What to do in an Administration When a Will Pops Up
April 30, 2014 § 2 Comments
You have opened administration of an intestate estate, and things are moving smoothly along. Your administratrix pops in one day and plops a document on your desk. “What’s this?” you ask. “Pop’s will,” she says. “Crap,” you think.
It happens now and then that a will surfaces in the midst of an intestate estate. It’s a common enough occurrence that there is even a statute telling us what to do when that happens. MCA 91-7-87 says:
If a will shall be found and probated and letters testamentary granted thereon, the same shall be a revocation of the administration; but acts lawfully done by the administrator without actual notice of such revocation shall be valid and binding.

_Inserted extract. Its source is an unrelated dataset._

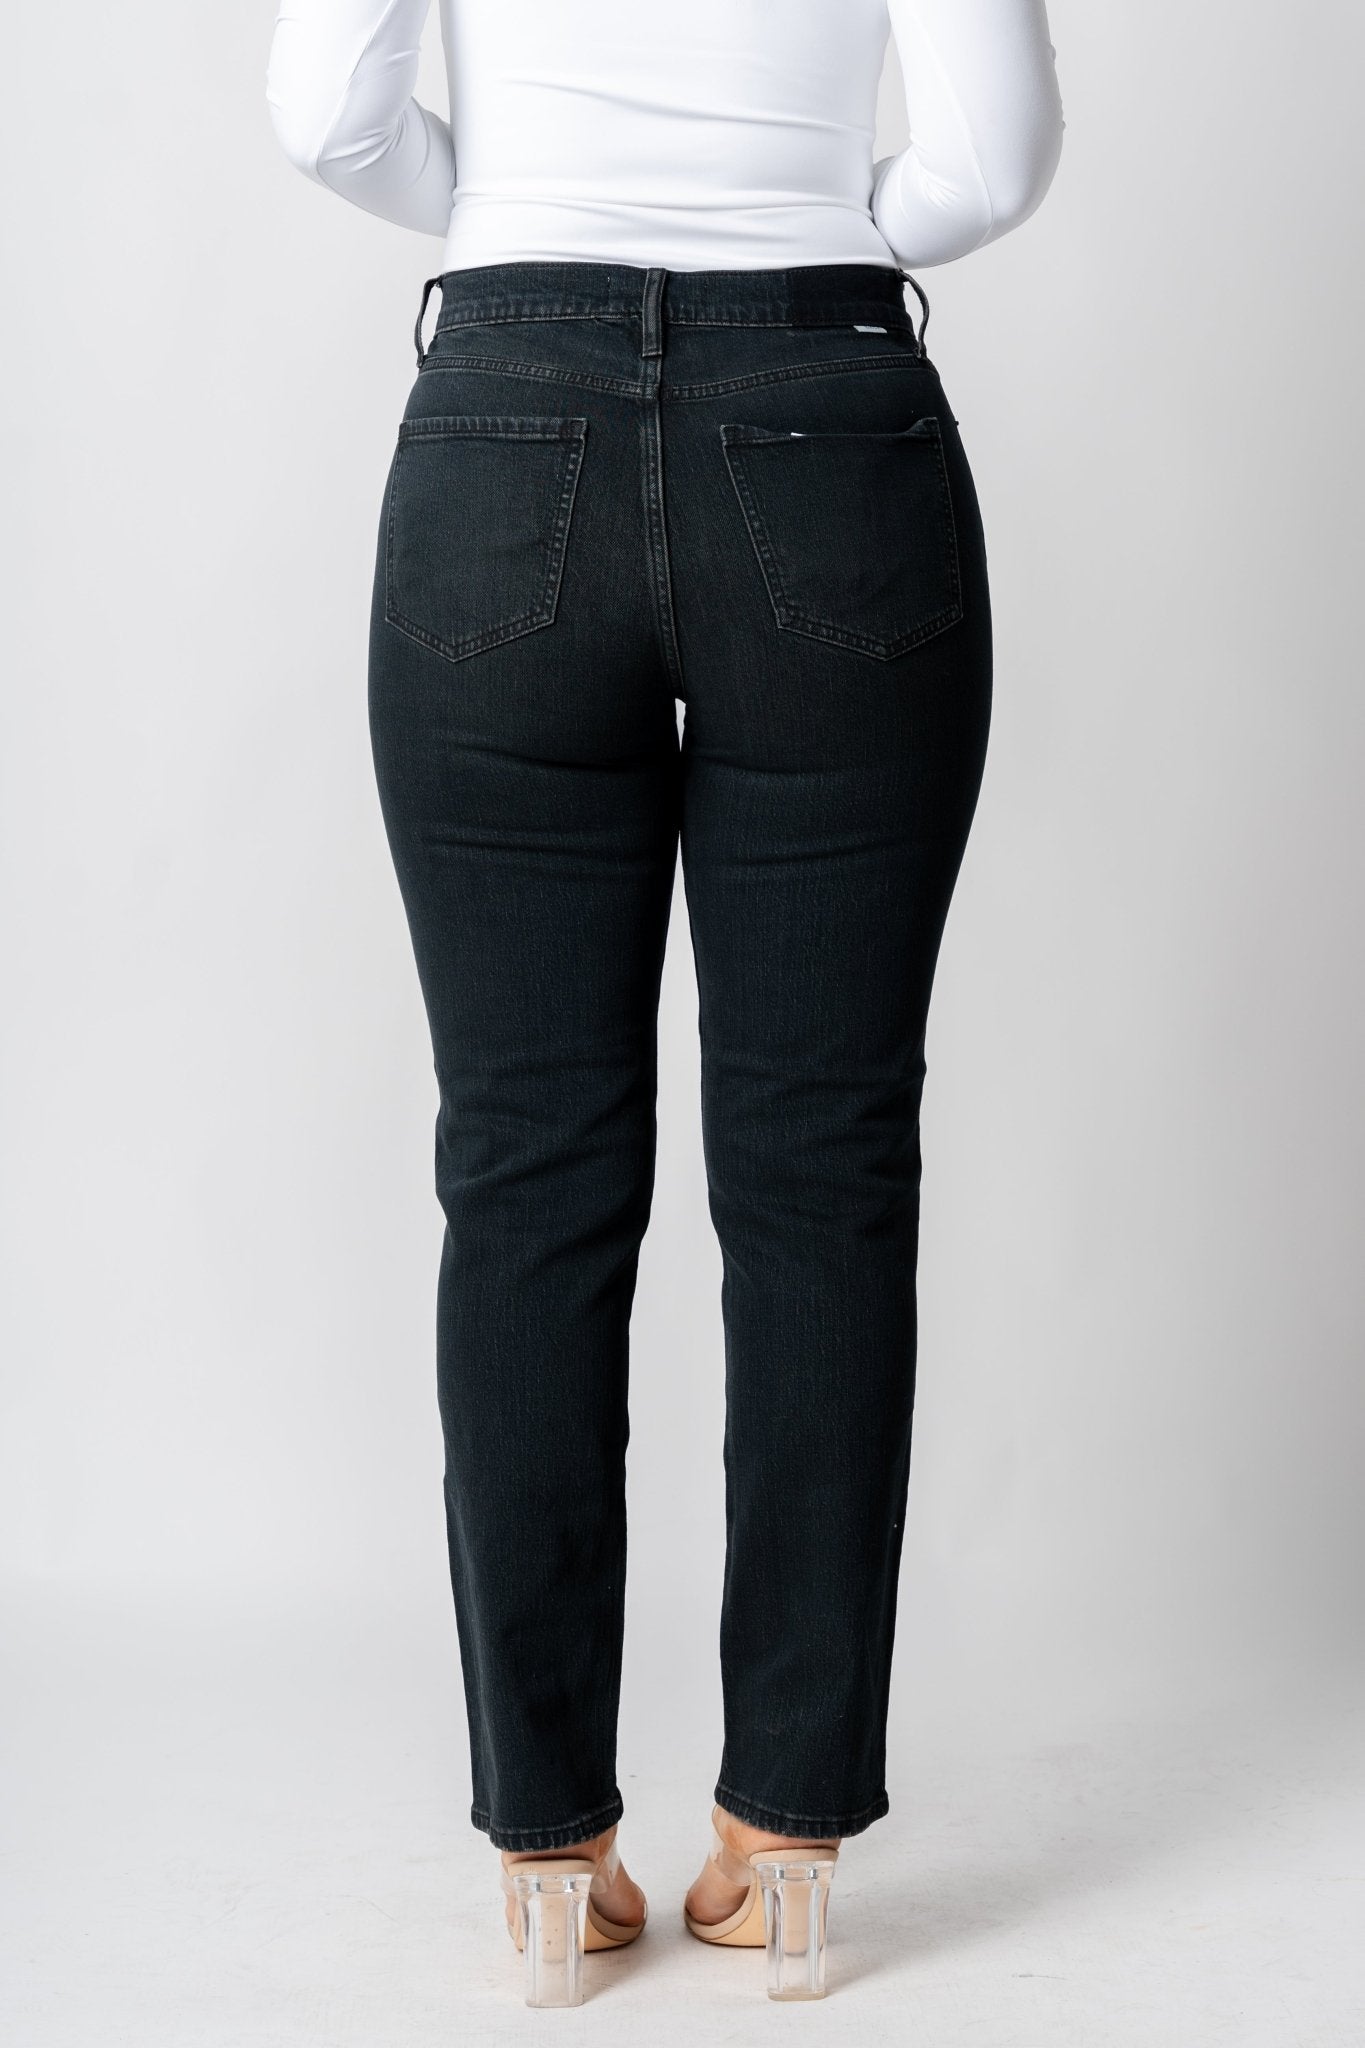 Daze high rise slim straight jeans inked | Lush Fashion Lounge: boutique women's jeans, fashion jeans for women, affordable fashion jeans, cute boutique jeans

The statute requires that the will be admitted to probate and letters testamentary issued before the administration is revoked.
If there is serious doubt as to the validity of the will, it would be best to file a caveat against probate and proceed per MCA 91-7-21. Otherwise, a petition spelling out the circumstances should be filed, specifically asking the court to revoke the administration per MCA 91-7-87. The judgment admitting the will to probate cancels the administration, and the acts done lawfuly up to that point by the administrator will be valid and binding. I don’t find any case law addressing whether the affidavit and publication for creditors filed in the administration would be valid and binding in the testate estate.
About your last observation, if the executor under the will is a different person that the administrator, I would think a new affidavit and publication would be in order. If they’re the same person, a new affidavit and publication would be redundant I would think. Just my opinion, but a new affidavit and publication would be the safest thing to do.
I can’t argue with that last observation.